- Category
- VPN · SaaS alternative
- Cost
- Freemium
- Country
- Switzerland
- Licensing
- Mixed
Pros and cons
+ what works
- +Free tier with unlimited data, no ads, and a real kill switch
- +Open source clients (GPLv3) on Windows, macOS, Linux, Android, and iOS
- +Independently audited no-logs policy, four years running
- +Stealth protocol (WireGuard over TLS) for networks that block standard VPNs
- +Secure Core multi-hop through Proton-owned hardware in privacy-friendly jurisdictions
− watch out for
- −Free tier limits you to one device, ten countries, no P2P, and no server choice
- −Server-side code is closed, so the no-logs claim still rests on trust plus audit
- −Secure Core, NetShield, and streaming unblocking are paid-only
- −Free servers actively block BitTorrent via live traffic inspection (no logging, but DPI happens)
Privacy notes
Proton AG operates Proton VPN under Swiss jurisdiction, outside EU and US legal reach.

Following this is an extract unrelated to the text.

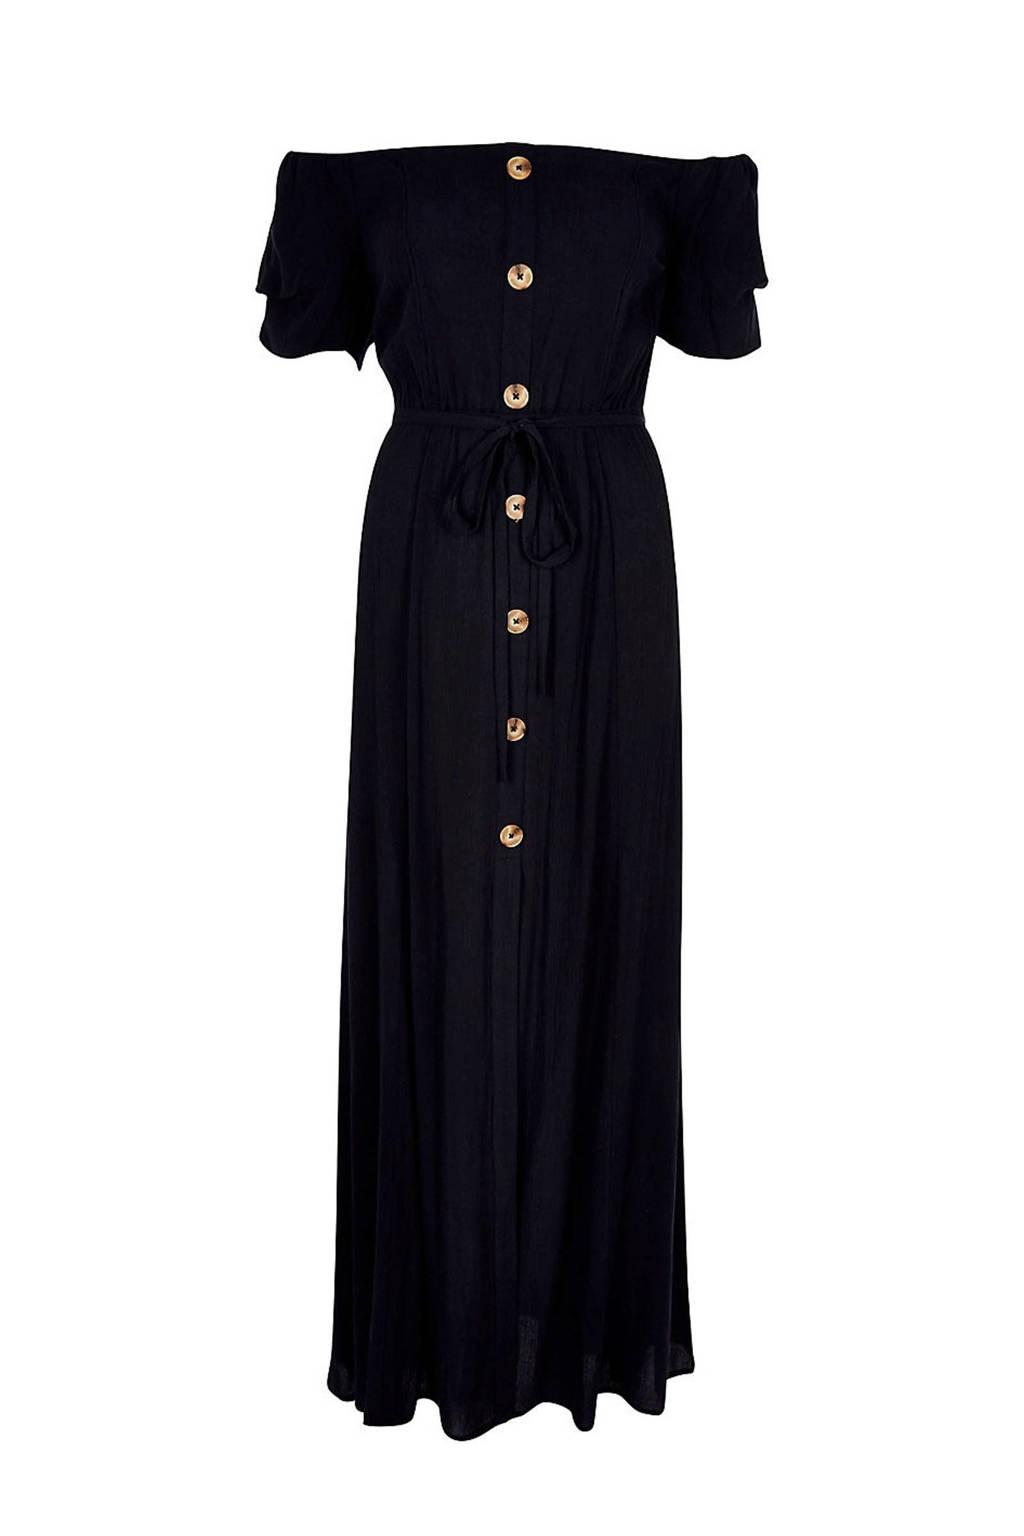 River Island off shoulder jurk met knopen donkerblauw, Donkerblauw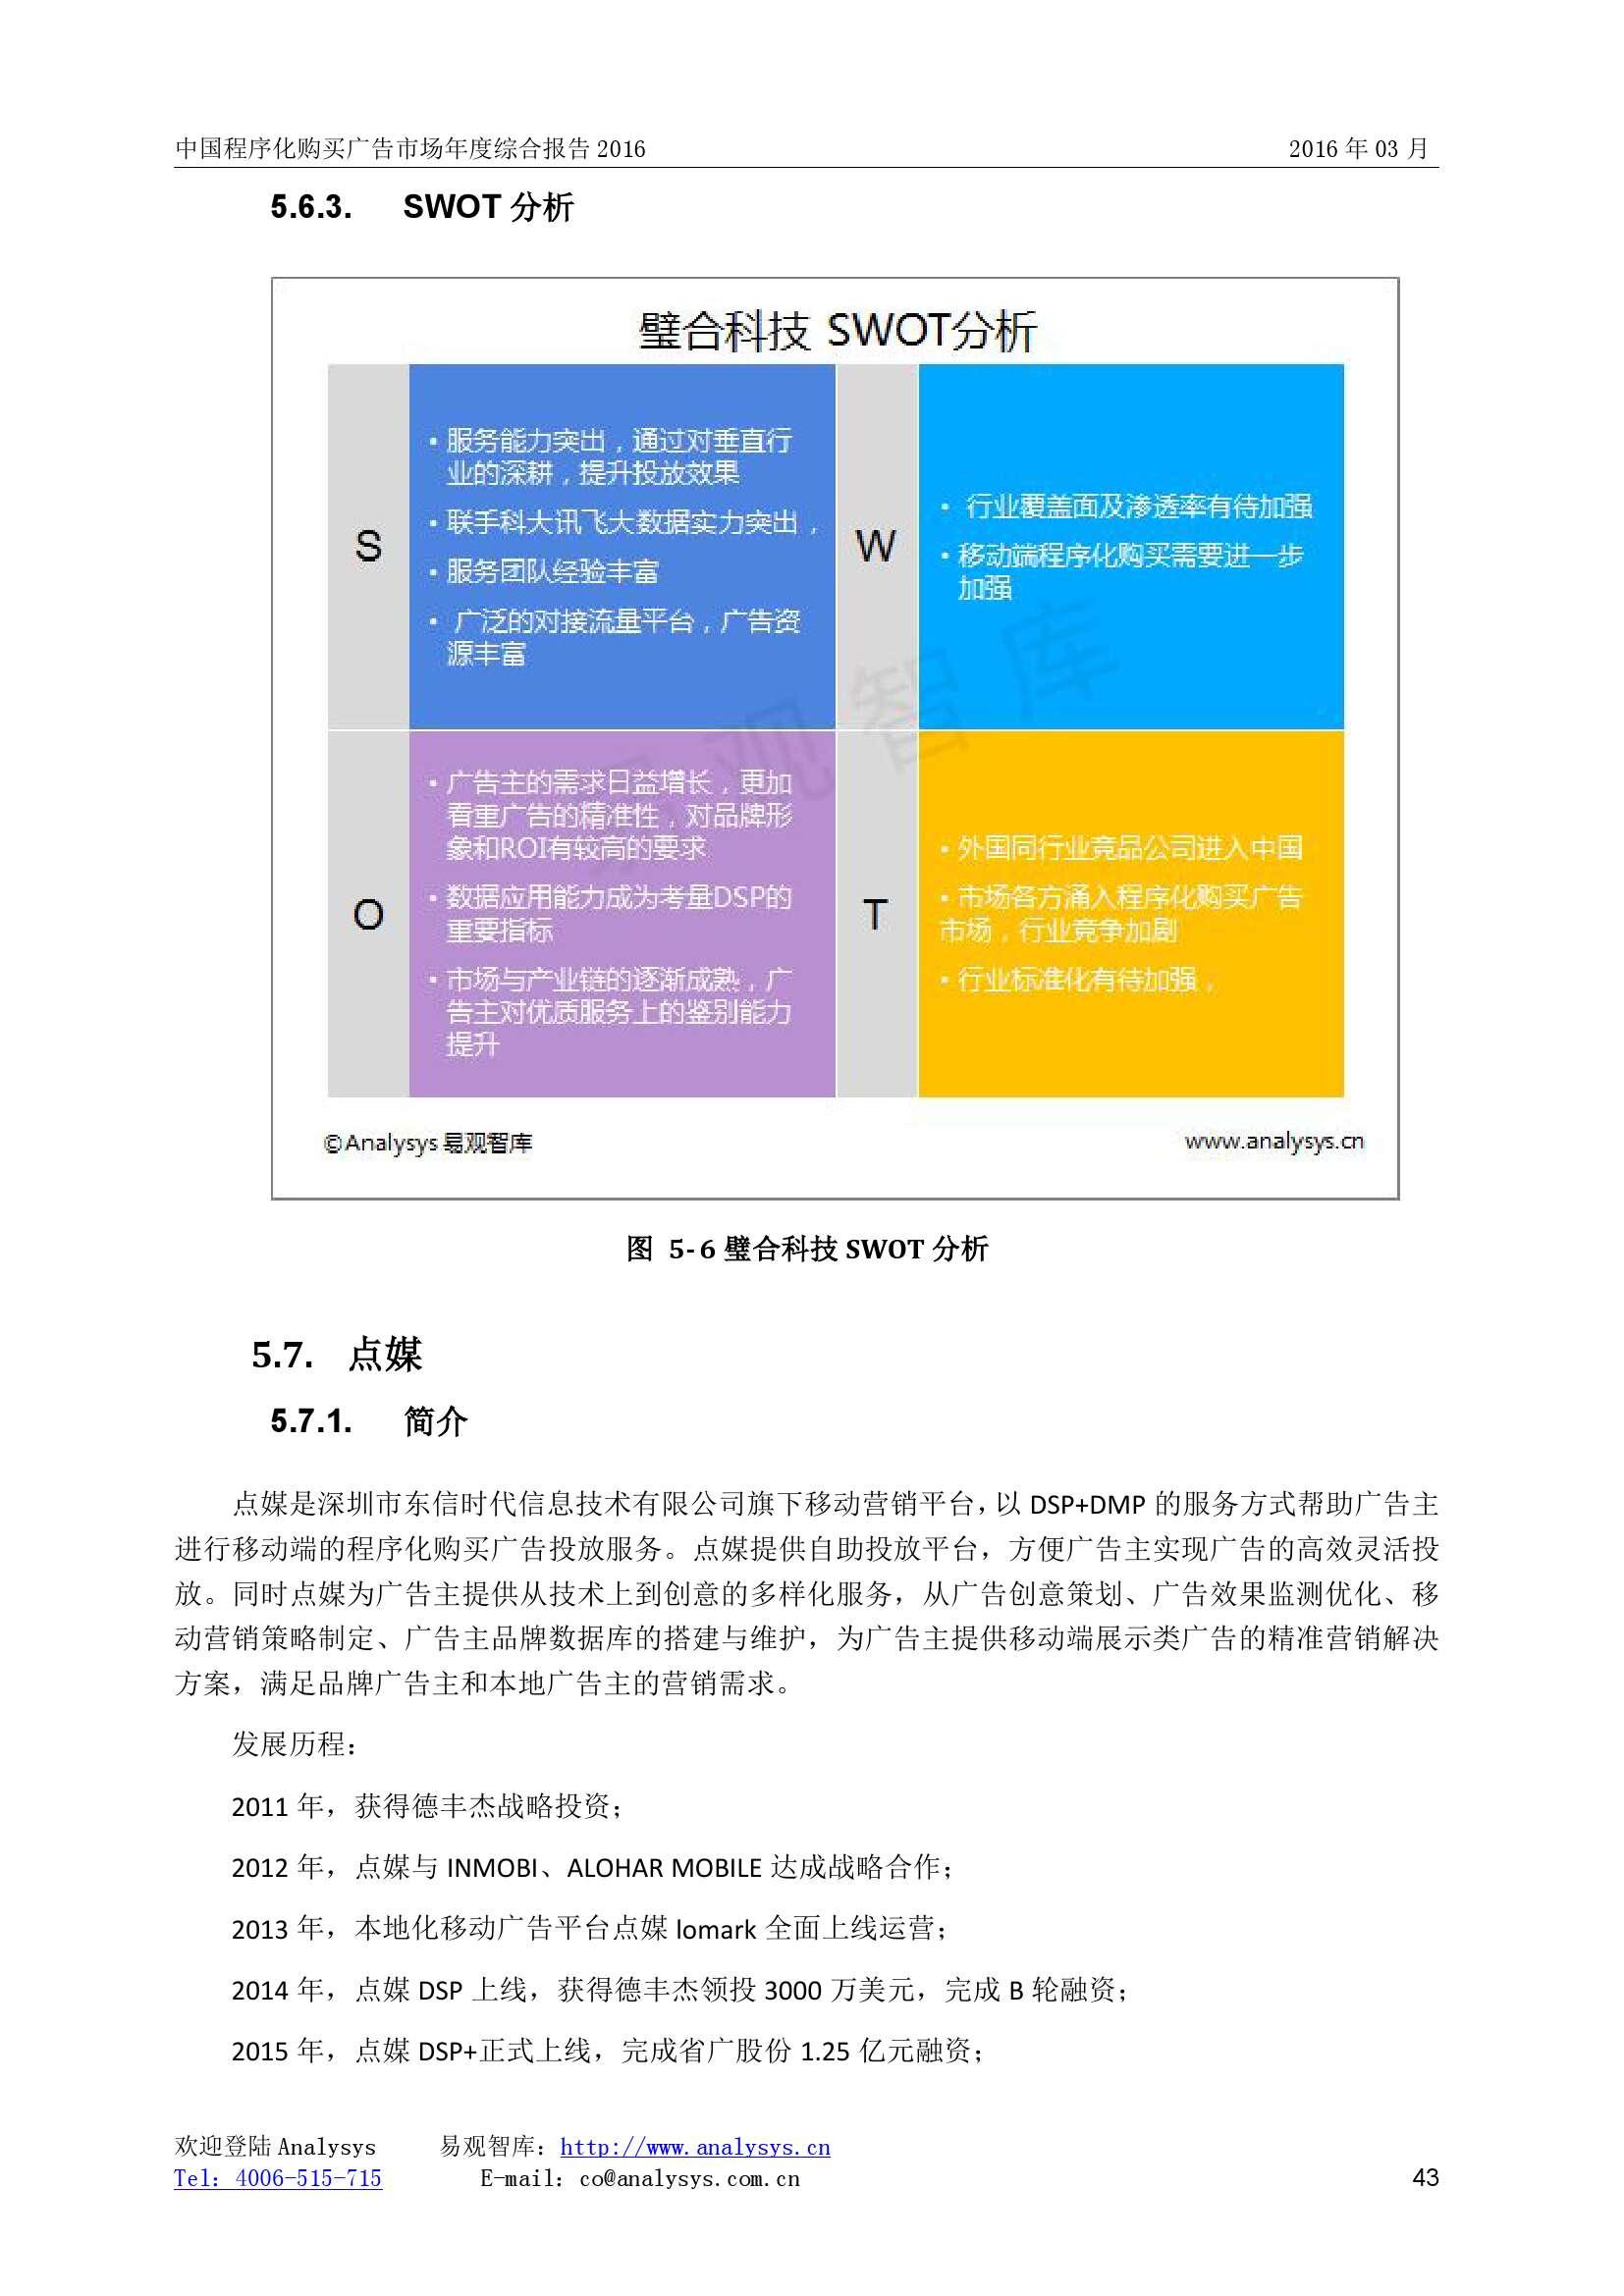 中国程序化购买广告市场年度综合报告2016_000043

The no-logs policy has been audited annually by Securitum since 2022, with the most recent report published in 2025. Clients are open source under GPLv3; the server-side stack is not. Secure Core routes traffic through Proton-owned hardware in Switzerland, Iceland, or Sweden before exiting in the destination country, so a compromised exit node alone cannot link traffic to a user.